The decision was wrought with dissent, but the consolidation went through. The last year has been spent planning for the melding of two school communities.

Part of that planning was the closing ceremony, a time set aside to honor the past.

"A school that has accomplished so much should be closed with warm remembrances and good feelings," Beauchamp said.

The school's gym was packed with community members gathered to pay respects to the history of the building, from teachers and parents to current students and alumni. Photos and memorabilia lined the gym walls, offering visitors a chance to walk through 40 years of history.

For many, it was an emotional trip. For others, it was simply educational.

"I found a picture of dad when he was in kindergarten," shouted one young girl, racing through the crowd.

"The school is part of the history of Nikiski," said Joanne Hardesty, who volunteered at the school. "To be at the closing is part of the history, too."
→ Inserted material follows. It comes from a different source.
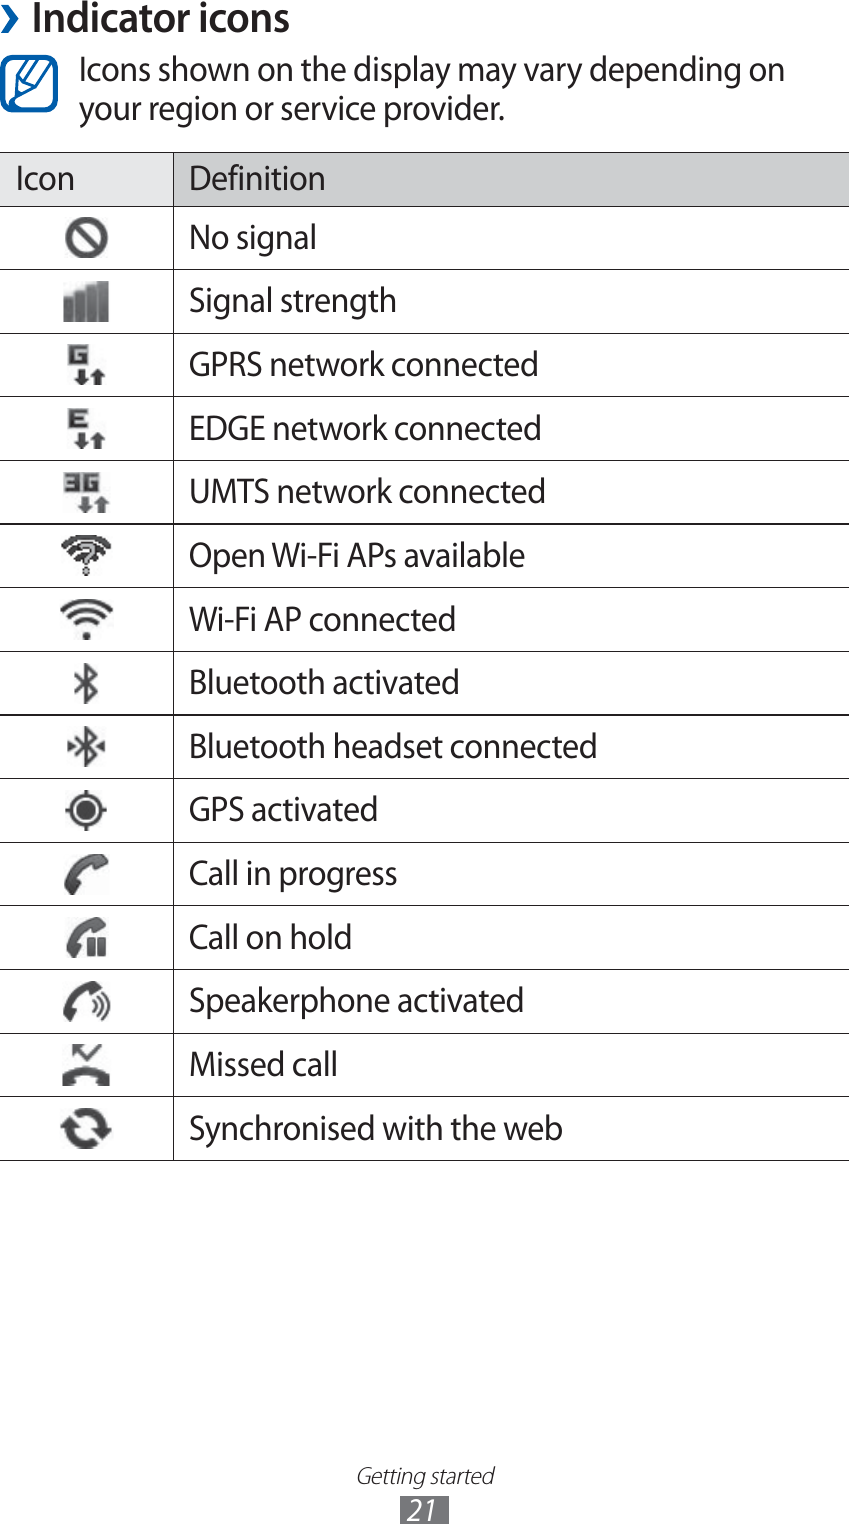 Getting started21Indicator icons ›Icons shown on the display may vary depending on your region or service provider.Icon DefinitionNo signalSignal strengthGPRS network connectedEDGE network connectedUMTS network connectedOpen Wi-Fi APs availableWi-Fi AP connectedBluetooth activatedBluetooth headset connectedGPS activatedCall in progressCall on holdSpeakerphone activatedMissed callSynchronised with the web

Gary Lamm, one of the school's first students, agreed.

"I was here the first year. I'm the only one who showed up," said Lamm, who attended the school for fifth and sixth grade in 1963-65.

Lamm, who still lives in the Nikiski area, said he believes the closing of the school is necessary.

"I'm sure it's a good community thing," he said. "But it's kinda sad."

Staff at the school echoed the sentiment, noting a period of change in the near future.

"It'll be real different next year, not driving into here," said Colleen Puch, who has been a Nikiski-area bus driver since 1985.

Peggy Jones, who is a Title VII tutor and has worked at the school for five years, agreed.

"Some people get a little emotional, misty. They'll miss the old school, especially if they've been here a long time," she said. "But it's a good move for the community. It'll bring all the kids together, so there's no 'which school is better.'"

It was the students themselves who seemed most concerned about the actual melding of the two buildings.

Though many said they had a few friends already attending North Star Elementary, several students also said they were nervous about the shift.

Third-grader Daniel Rib-bens said he's worried about meeting so many new teachers in one year and about getting lost in the new school. His real concern, though, seemed to be combining different circles of friends.

"I think it's going to be kind of strange," he said. "I know lots of kids at North Star. I'm going to have to choose some friends or other friends. Right now, I see lots of kids just sometimes, and that's OK. When we all go there, it's going to be pretty hard."

Fifth-grader Caty Reit said she is more concerned about the people she doesn't know.

"Going to North Star will be scary," she said. "There's going to be people we don't know, and it's their school, not ours."

Current Principal Mark Norgren, however, said he was surprised by the kids' concerns and thinks the anticipated problems probably will go away quickly.

The two schools already have held some joint activities to help kids get to know each other, and Nikiski students had an opportunity to visit North Star to get acclimated.

"I think the kids are going to have the easiest time. It's evident when you put the two groups together," he said. "Kids are very resilient."

In addition, planners of the consolidation are making efforts to avoid the "our school"-"their school" distinction by renaming the North Star building and emphasizing the opening of a new school: Nikiski-North Star Elementary School.

The theme of the entire consolidation process is "Opening a new door in 2004," explained current North Star Principal Lori Manion.

Manion will remain principal in Nikiski next fall, while Norgren takes over principalship of Moose Pass, Cooper Landing and Hope schools. The rest of the staffs will blend much as the children will.

There will be an opening ceremony for the new school Aug. 23.

"I anticipate and look forward to the day I can visit the school and feel the special atmosphere that's resulted in the melding," said Beauchamp.